21902 – #url-code-points: Add notes that points out the need/lack of need to escape certain code points

This is an archived snapshot of W3C's public bugzilla bug tracker, decommissioned in April 2019. Please see the home page for more details.

Bug 21902 - #url-code-points: Add notes that points out the need/lack of need to escape certain code points

Summary: #url-code-points: Add notes that points out the need/lack of need to escape c...

Status:	RESOLVED FIXED

Alias:	None

Product:	WHATWG
Classification:	Unclassified
Component:	URL (show other bugs)
Version:	unspecified
Hardware:	All All

Importance:	P2 normal
Target Milestone:	Unsorted
Assignee:	Anne
QA Contact:	sideshowbarker+urlspec

URL:	http://url.spec.whatwg.org/#url-code-...
Whiteboard:
Keywords:

Depends on:
Blocks:

Reported:	2013-05-02 12:47 UTC by Leif Halvard Silli
Modified:	2015-08-19 09:09 UTC (History)
CC List:	8 users (show)

See Also:

Attachments

Description Leif Halvard Silli 2013-05-02 12:47:50 UTC

The #url-code-points paragraph should be annotated with more notes that point out important implications and important details related to the characteds included/excluded in the list of URL code points.

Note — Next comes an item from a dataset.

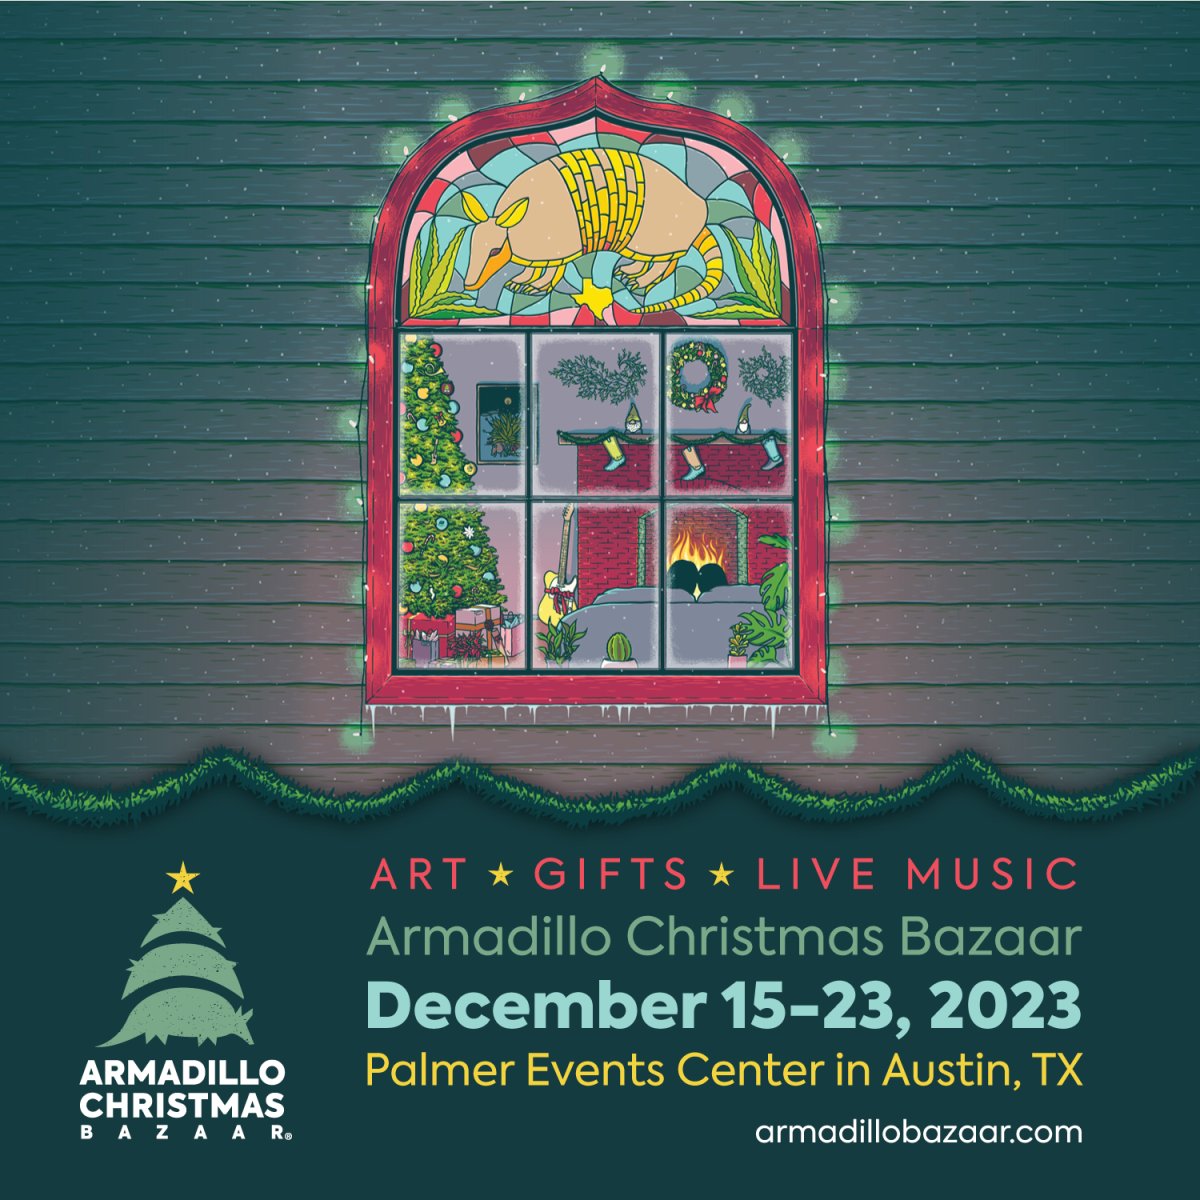 Find the perfect gifts and embrace the festive spirit at the Armadillo Christmas Bazaar!🎉🎁 

#ArmadilloBazaar #HolidayShopping #FestiveFinds #HolidayMagic #FestiveFun #Christmas #festivevibes #Festive #Holidays #holidayseason #modernrootsrealtygroup

I propose that you consider clarifying the motivation for the current note (1) plus add 2 more notes (2),(3) and conisder a fourth note (4):

(1) The #url-code-points paragraph is already accompanied with a note about URL parser’s behavios, whose relevance to URL writing is unexplained. That these code points does not need escaping is obvious from their inclusion in the code ranges list, and that they are escaped by the URL parse, should have little bearing with regard to authoring, no? Please consider a hint about why you wanted to point this out.

(2) Add a note that points out that code points *not* listed amongst the URL code points, need to be escaped. Feel free to list these code points (all of them) but do at any rate at least explicitly mention common code points in need of escaping such as U+0009, U+000A, and U+000D - and please include their Unicode names as well, to help readers! (The '#' seems to belong in this category, whenever its 'fragment semantics' should be escxape, belongs here as well, may be.)

(3) Add a note about which of the ‘special characters’ that *are* listed, need to be percentage-encoded whenever their URL specific functions need to be escaped as well. This includes characteres such as ?, / etc. (And if escaping is not necessary for some of these special chaaracters, then that is unexpected as well, and thus ought to be pointed out.)

(4) Consider adding note about format specific considerations. E.g. the need to escape < and & in XML.

Comment 1 Anne 2014-05-22 10:33:56 UTC

1) I pointed this out because otherwise you might be surprised by what the API returns.

2-4) I think you make some valid points. I'm tempted to wait with fixing this until I use Bikeshed and can include railroad diagrams and such. If you have suggestions for clearer notes, that'd be most welcome.

Comment 2 Sam Ruby 2014-11-05 21:29:28 UTC

Does http://intertwingly.net/projects/pegurl/url.html help?

Comment 3 Anne 2015-08-19 09:09:48 UTC

Railroad diagrams is now https://github.com/whatwg/url/issues/67 but seem potentially problematic.

I added a note to clarify what percent-encoded bytes are good for:

https://github.com/whatwg/url/commit/fef9bcec9615d92695503107732a9cd5f9d05ab8

I didn't go into as much detail as I don't think that's warranted here. We just want to describe the data model, syntax, and the parser, and various operations around that. And on top of that folks can build whatever they want.